Brands rolled out by major hotel companies should have an edge, given that they have existing sales and marketing machines, said Ace Lanahan, vice president with Philipsborn Co., a Chicago mortgage banking firm. And because of their size, the chains often have lower fixed costs, Lanahan said.
"Unless a new brand can acquire critical mass quickly ... it will become for sale," he said. "It will take a year or two or three to see who emerges as the strong players."
The founding partners of James Hotels challenge the notion that the big chains have an edge, at least in the realm of boutique hotels.
"They will not understand the complexity of a successful boutique hotel," said Stephen Hanson, president of B.R. Guest, a well-regarded New York restaurant company that opened Blue Water Grill in Chicago this year.
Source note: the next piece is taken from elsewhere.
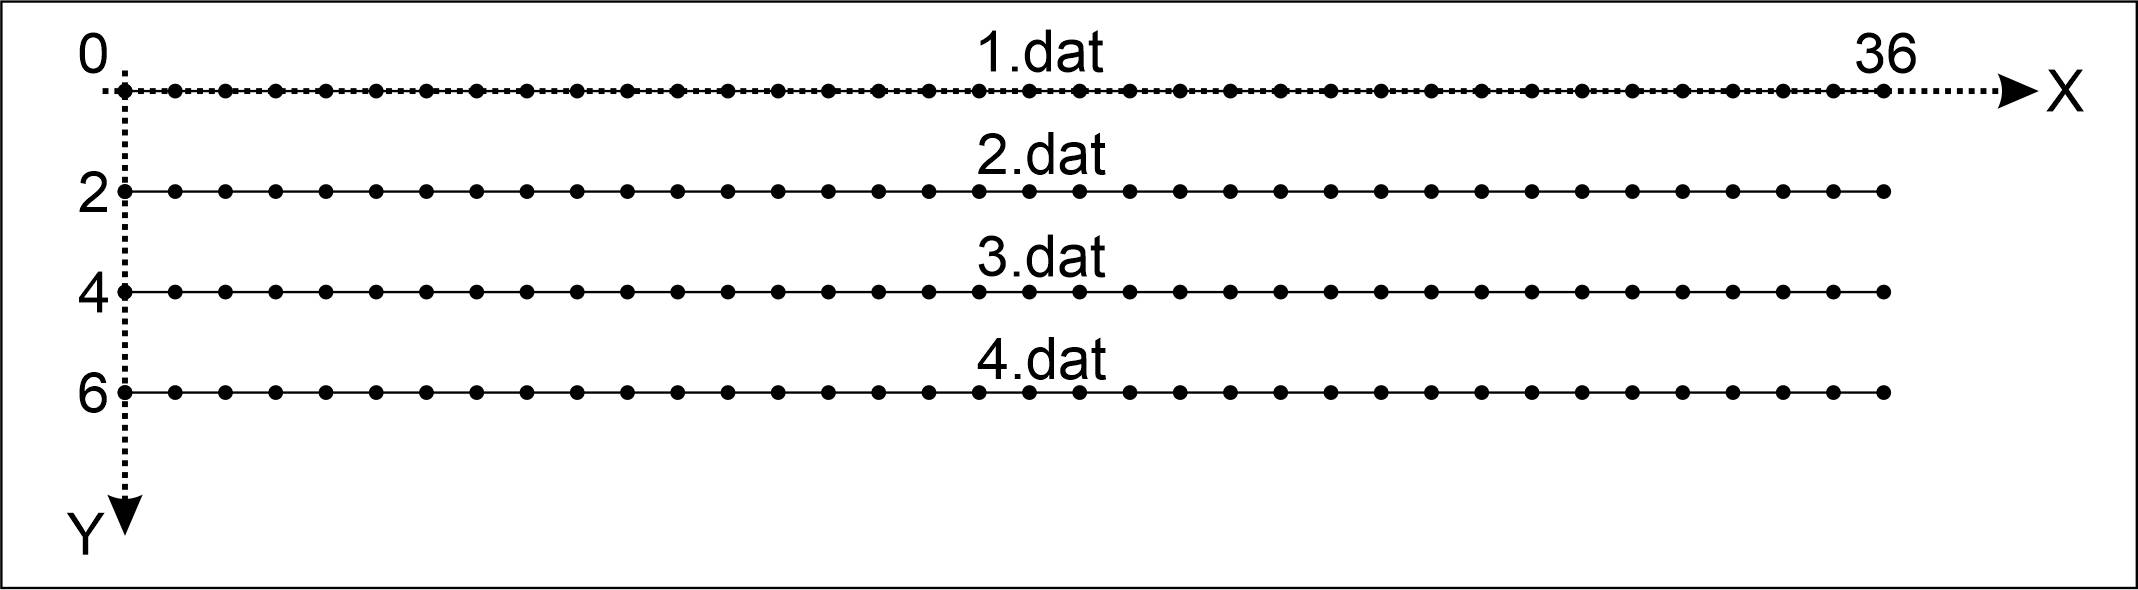 Рис. 53. Расположение профилей в соответствии с системой координат программы Res3DInv и нумерация файлов данных

Hanson and Danny Errico, founder of Equinox Fitness Clubs, launched the brand in 2004 with a sleek and sexy resort in Scottsdale, Arizona's historic Old Town.
Since then, they brought in Brad Wilson, a founder of Starwood's W Hotels Worldwide, and have retooled the brand to fit into a business-oriented urban market, with Chicago being the first. They plan to follow with hotels in New York, Los Angeles and Miami, aiming for five to 10 properties by 2011.
"Our advantage is that we're coming in before the others," said Wilson, who takes pride in the small touches, such as dimmer switches in the guest rooms and the designer bath products.
"This is the fun part," he said, holding a bottle of amber Etienne Aigner shampoo up against chocolate brown tiles to show how well the colors work together.
Though a brand shakeout may be coming down the road, the parade of new names is just beginning, and after a long drought it's a welcome sight to the tourism industry.
With the economic recovery, organizers of major trade shows are finding room supplies to be tight, said Bill Utter, acting chief executive of the Chicago Convention and Tourism Bureau.
"And we always want to be competitive with other major destinations on room capacity," Utter said.